With one- and two-year fixed rates now double what they were last yearhe says, many who have borrowed large amounts might struggle to manage the payments, especially if an investment property’s cash flow was tight to begin with.
“A 2% increase in interest rates on my properties would currently result in additional payments of $20,000 per month. Most of my loans should be reduced to their rates later this year, so it will make a difference to cash flow. ”
Ryan says owners of ‘shoe flats’ in Auckland are particularly likely to see big price drops because they’re not wanted and banks don’t like to lend to them.
He says many new townhouse developments are also likely to struggle.
A “hustle” at the height of the market sent new townhome prices soaring, and many jumped because deposit requirements could be as low as 5%, he says.
These buyers are now approaching settlement, having paid top dollar, but are facing much higher interest rates than they were when they placed their deposits and a market where prices are falling, which could cause some to try to get out of their contracts.
Where will the market go?
ryan says statistics that suggest prices are leveling off or rising only modestly are wrong and anyone who thinks the market hasn’t already fallen by around 10% lives in ‘cuckoo country’.
“Statistics can be so easily manipulated,” he says.
He predicts that some markets could fall by as much as 20% from the prices they reached at the end of last year.
Ryan notes that if the National Party returns to power in the next election, it will drop plans to phase out mortgage interest deductibility, which will provide relief to investors.
He says tweaks and tweaks are needed in the property market to help Kiwis buy their first home and reduce the number of properties in the hands of investors, but the inability to deduct mortgage interest from rental income was a step too far.

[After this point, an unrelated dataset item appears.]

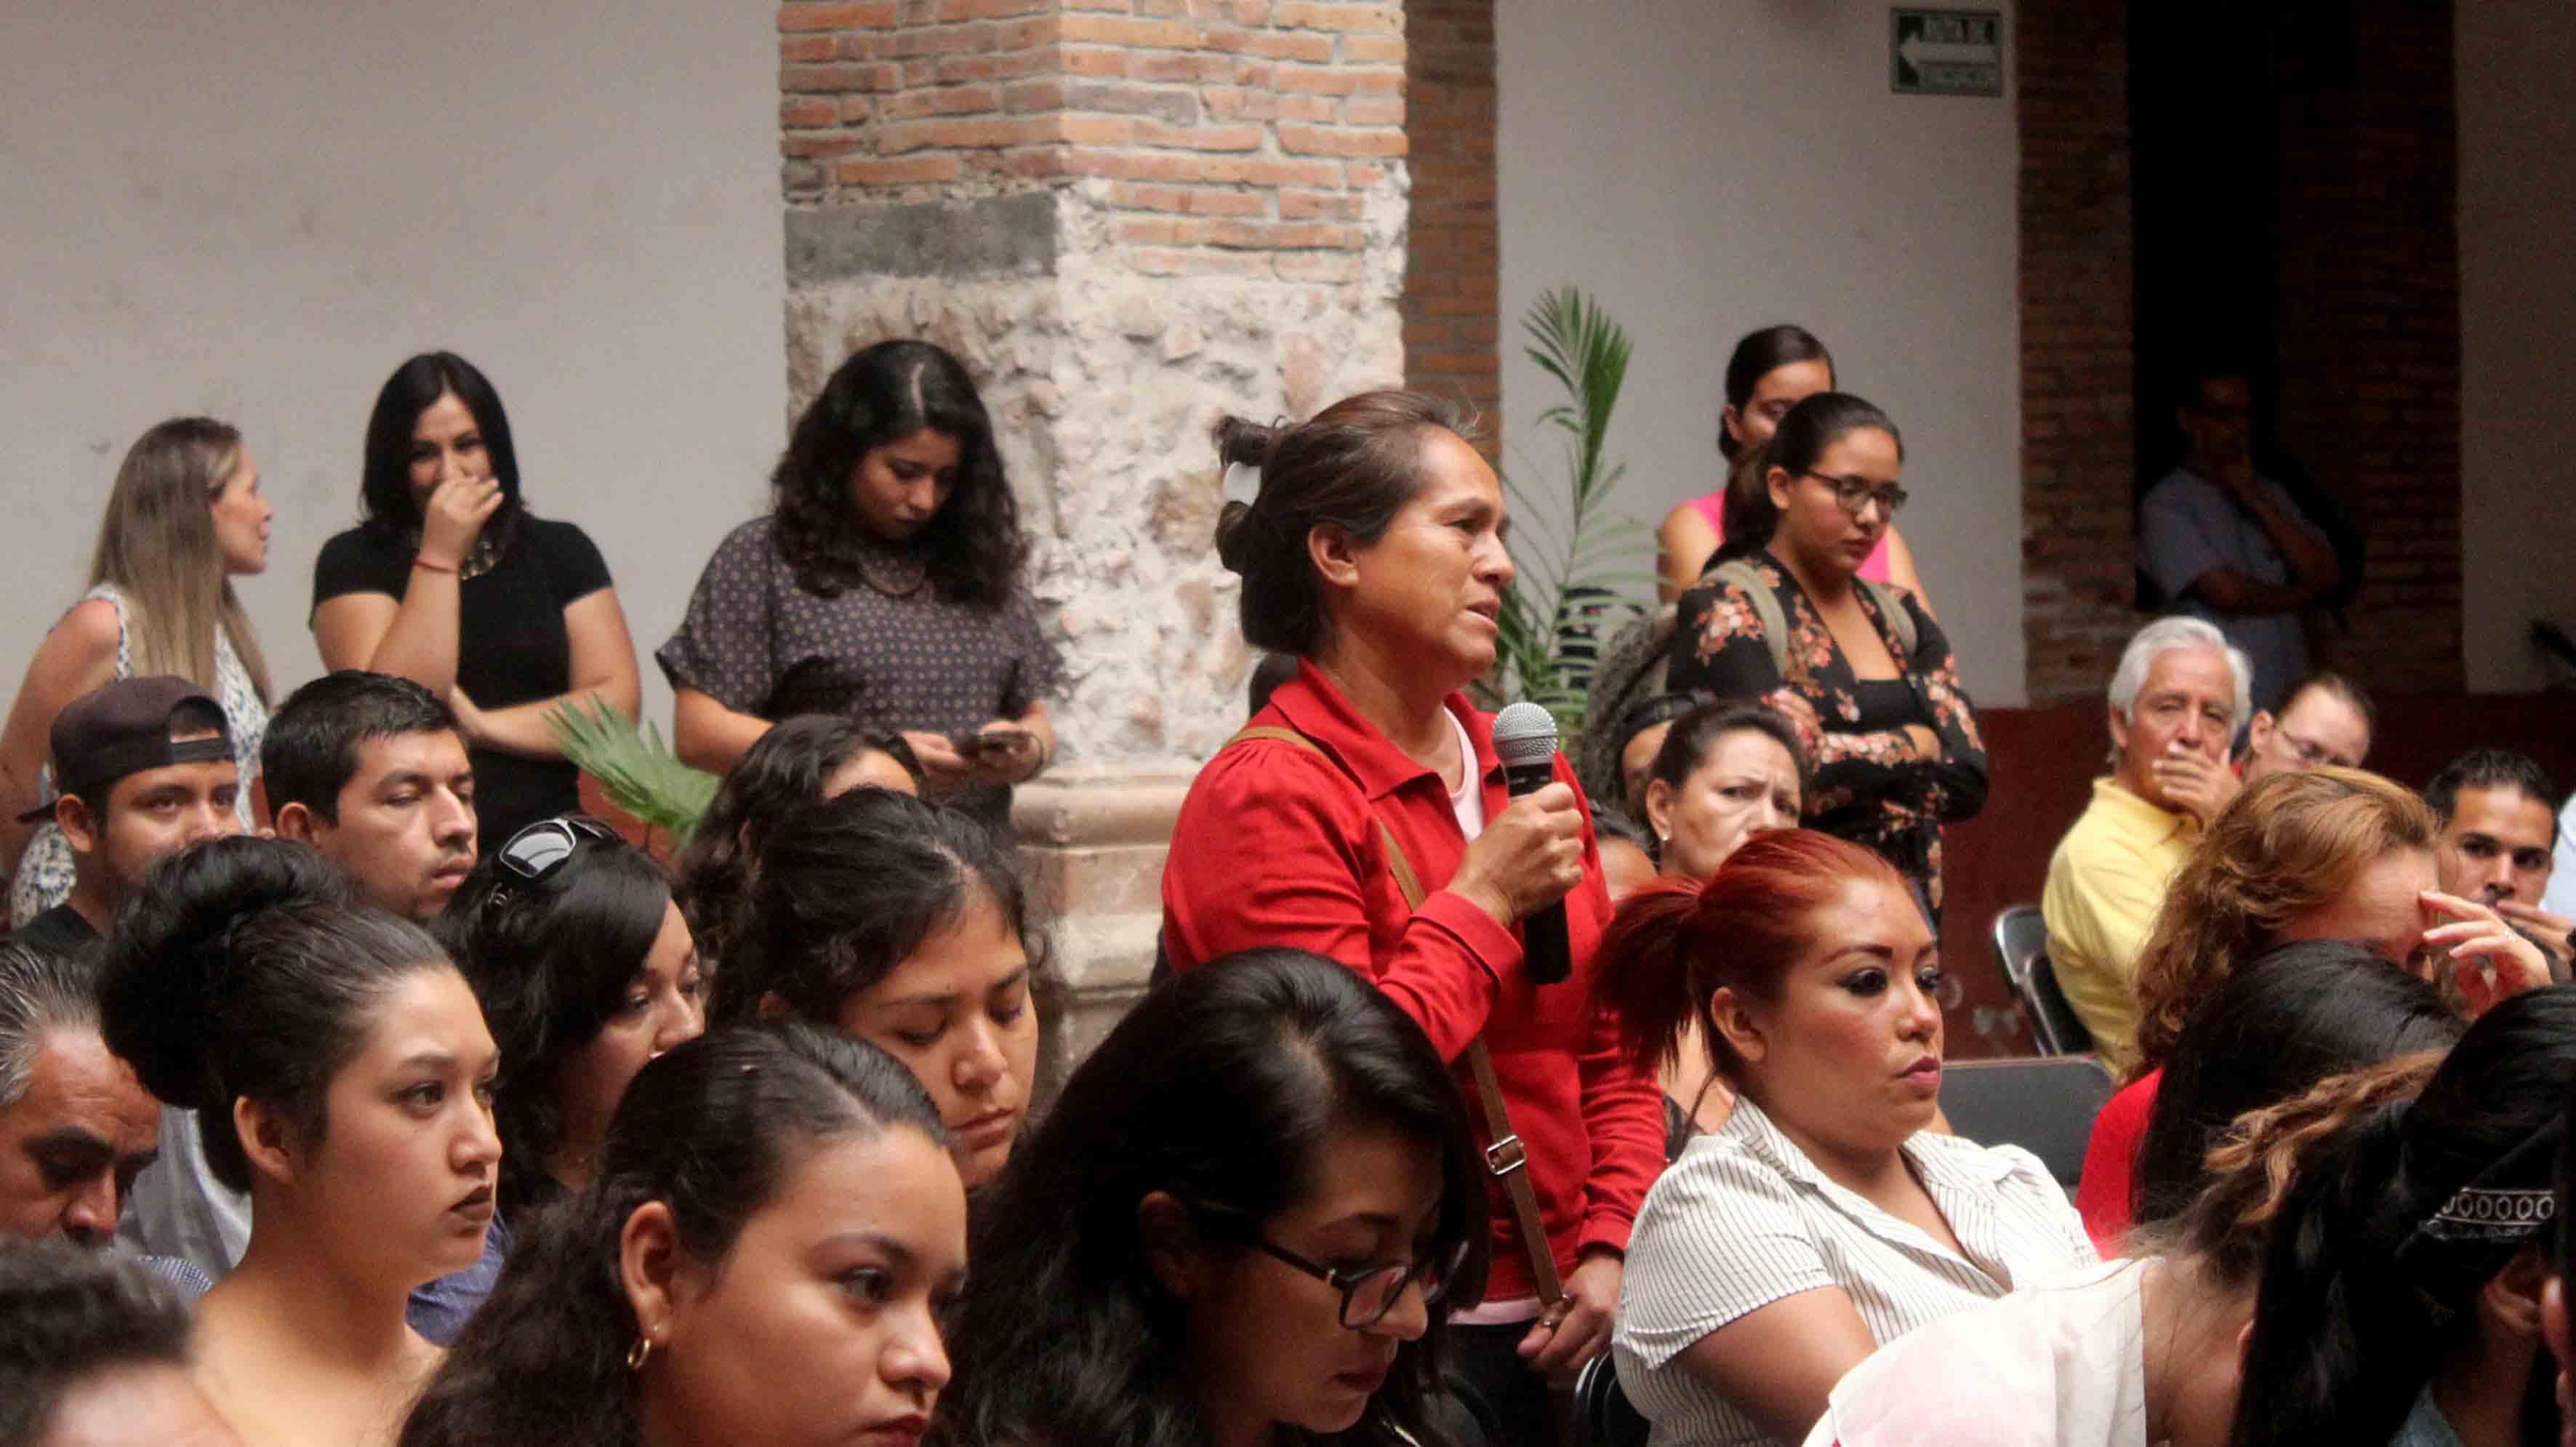 Comunidad de la región Altos Norte, asistentes al seminario, en el marco de las actividades de la Universidad Internacional de Verano.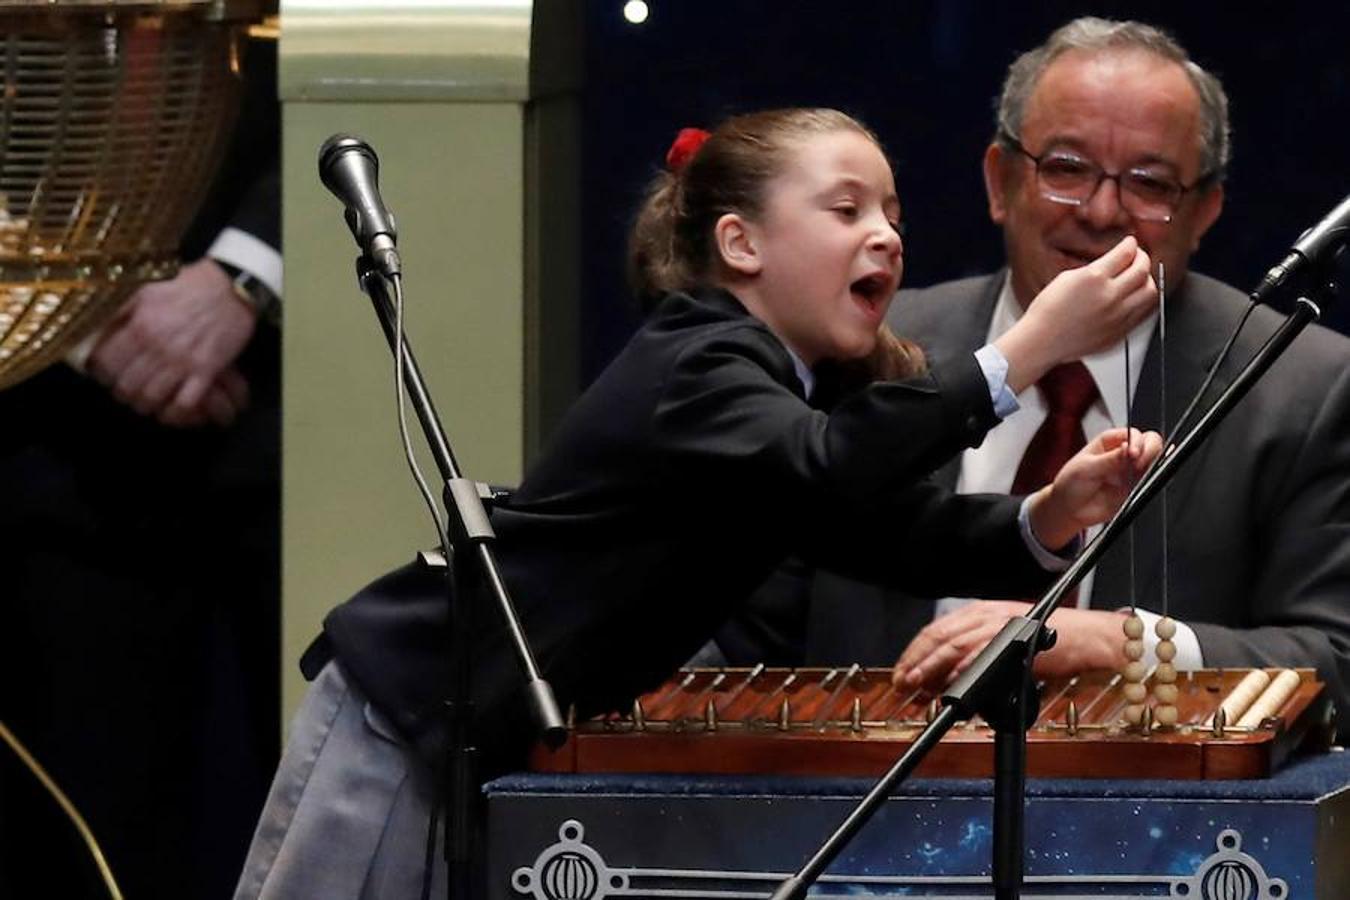 La niña Aya, vitoreada por el público al cantar los premios

If the phasing out of mortgage deductibility continues, he thinks some small investors will sell their rents because keeping them will no longer make financial sense.
Onekawa says prices could fall 10% – a prediction in line with ANZ economists – but continued high demand will keep prices from collapsing.
Fowler keeps his cards close to his chest, and while higher interest rates and tougher borrowing requirements are softening the market somewhat, he says he never has expectations.
“What happens from here, no one ever knows, whether you’re an investor or a first-time home buyer,” he says.
CORRECTION: An earlier version of this story stated that Graeme Fowler’s wallet was worth $35 million. He will be worth $35 million after selling 20-25 properties. His portfolio is currently worth around $45 million. Corrected April 11, 11:25 a.m.